**Task:** Copy, without any change, the lines from the one that holds "Кожаный стул Zefir" through the final line of the material below.

○ ○ ○

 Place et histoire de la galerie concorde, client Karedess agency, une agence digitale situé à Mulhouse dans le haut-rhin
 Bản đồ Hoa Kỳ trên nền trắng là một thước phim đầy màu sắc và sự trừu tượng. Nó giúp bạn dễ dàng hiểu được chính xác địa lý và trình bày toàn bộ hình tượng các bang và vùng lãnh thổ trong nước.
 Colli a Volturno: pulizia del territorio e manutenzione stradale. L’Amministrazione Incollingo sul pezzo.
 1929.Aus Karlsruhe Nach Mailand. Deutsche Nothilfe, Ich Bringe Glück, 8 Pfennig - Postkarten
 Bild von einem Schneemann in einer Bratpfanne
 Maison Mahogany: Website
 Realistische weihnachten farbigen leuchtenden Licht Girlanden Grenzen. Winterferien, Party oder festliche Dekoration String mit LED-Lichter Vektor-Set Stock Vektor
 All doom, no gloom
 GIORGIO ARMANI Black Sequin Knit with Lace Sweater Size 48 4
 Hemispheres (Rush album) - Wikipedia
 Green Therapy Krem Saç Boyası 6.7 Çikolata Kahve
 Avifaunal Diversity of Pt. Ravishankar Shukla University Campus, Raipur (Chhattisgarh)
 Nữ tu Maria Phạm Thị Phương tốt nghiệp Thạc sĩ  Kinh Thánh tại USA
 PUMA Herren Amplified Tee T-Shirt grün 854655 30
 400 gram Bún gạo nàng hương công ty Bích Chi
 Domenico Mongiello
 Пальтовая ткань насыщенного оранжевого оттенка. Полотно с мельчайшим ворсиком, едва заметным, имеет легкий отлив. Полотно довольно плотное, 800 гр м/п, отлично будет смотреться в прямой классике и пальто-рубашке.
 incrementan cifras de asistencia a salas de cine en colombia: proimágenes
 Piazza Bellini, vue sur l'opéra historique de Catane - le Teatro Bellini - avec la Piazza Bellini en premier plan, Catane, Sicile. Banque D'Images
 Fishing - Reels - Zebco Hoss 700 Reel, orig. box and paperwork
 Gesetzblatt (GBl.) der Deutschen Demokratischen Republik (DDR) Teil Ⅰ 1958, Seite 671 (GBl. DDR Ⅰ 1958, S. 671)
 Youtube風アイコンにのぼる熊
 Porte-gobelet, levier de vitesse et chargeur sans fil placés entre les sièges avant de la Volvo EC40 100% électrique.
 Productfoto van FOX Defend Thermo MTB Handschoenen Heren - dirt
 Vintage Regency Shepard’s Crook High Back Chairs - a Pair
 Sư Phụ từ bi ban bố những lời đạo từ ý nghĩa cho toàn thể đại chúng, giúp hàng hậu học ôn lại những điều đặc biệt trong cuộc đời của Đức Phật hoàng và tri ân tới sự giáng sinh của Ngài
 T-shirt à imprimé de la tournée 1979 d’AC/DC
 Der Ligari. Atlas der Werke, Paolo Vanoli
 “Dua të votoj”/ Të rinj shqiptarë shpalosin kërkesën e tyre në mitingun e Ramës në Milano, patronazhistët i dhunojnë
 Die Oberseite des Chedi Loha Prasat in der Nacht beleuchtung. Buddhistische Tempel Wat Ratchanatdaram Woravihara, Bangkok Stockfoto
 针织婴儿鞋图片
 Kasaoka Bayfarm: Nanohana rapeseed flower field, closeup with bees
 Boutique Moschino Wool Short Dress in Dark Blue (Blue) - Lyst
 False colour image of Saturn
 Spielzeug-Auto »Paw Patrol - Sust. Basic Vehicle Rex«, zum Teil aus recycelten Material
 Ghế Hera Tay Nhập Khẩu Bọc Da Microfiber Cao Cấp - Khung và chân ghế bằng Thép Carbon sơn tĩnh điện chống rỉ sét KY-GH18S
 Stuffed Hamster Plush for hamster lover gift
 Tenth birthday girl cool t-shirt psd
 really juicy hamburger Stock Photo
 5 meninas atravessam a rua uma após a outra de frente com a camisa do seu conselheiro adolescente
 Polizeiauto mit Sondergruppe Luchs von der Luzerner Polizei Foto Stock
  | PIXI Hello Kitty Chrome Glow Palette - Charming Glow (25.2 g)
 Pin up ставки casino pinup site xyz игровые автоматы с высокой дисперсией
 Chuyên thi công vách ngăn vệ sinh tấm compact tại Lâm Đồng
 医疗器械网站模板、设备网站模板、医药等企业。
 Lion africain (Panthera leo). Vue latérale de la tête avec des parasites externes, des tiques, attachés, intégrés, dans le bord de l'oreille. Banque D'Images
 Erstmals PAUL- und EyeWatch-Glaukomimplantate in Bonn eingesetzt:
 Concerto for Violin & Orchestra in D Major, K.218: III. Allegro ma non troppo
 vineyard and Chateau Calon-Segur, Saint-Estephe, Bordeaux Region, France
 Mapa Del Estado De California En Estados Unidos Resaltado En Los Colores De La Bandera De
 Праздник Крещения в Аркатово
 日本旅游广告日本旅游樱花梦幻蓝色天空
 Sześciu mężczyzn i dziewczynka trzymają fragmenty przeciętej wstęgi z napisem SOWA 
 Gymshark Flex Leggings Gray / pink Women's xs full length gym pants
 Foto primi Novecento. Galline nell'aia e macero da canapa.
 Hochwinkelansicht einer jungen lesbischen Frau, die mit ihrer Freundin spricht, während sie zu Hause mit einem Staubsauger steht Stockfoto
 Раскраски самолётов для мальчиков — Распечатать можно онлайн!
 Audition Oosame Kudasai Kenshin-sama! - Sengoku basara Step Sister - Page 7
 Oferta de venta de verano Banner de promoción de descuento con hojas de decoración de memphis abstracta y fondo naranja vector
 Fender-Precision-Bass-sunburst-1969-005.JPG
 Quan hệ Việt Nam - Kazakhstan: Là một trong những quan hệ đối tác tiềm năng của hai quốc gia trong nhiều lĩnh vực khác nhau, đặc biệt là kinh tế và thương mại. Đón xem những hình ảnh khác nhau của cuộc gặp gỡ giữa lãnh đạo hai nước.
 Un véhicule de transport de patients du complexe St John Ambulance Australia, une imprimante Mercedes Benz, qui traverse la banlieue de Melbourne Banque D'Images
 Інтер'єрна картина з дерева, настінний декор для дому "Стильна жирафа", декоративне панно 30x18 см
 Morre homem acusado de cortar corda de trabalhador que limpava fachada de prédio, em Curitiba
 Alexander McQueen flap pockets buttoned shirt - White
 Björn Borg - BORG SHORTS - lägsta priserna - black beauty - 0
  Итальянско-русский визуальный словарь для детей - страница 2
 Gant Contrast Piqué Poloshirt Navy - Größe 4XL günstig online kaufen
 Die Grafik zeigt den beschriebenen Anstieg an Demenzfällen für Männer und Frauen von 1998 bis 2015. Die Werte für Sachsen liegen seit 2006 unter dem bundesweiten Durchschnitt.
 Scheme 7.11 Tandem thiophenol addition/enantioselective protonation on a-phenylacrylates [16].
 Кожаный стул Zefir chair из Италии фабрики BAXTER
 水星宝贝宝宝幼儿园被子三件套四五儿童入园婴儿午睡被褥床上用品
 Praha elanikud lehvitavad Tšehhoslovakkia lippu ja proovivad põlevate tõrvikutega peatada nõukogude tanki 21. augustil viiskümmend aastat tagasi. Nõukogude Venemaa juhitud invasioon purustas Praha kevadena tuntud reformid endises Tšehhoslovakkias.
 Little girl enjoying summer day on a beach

○ ○ ○

**Answer for this exercise:**
 Кожаный стул Zefir chair из Италии фабрики BAXTER
 水星宝贝宝宝幼儿园被子三件套四五儿童入园婴儿午睡被褥床上用品
 Praha elanikud lehvitavad Tšehhoslovakkia lippu ja proovivad põlevate tõrvikutega peatada nõukogude tanki 21. augustil viiskümmend aastat tagasi. Nõukogude Venemaa juhitud invasioon purustas Praha kevadena tuntud reformid endises Tšehhoslovakkias.
 Little girl enjoying summer day on a beach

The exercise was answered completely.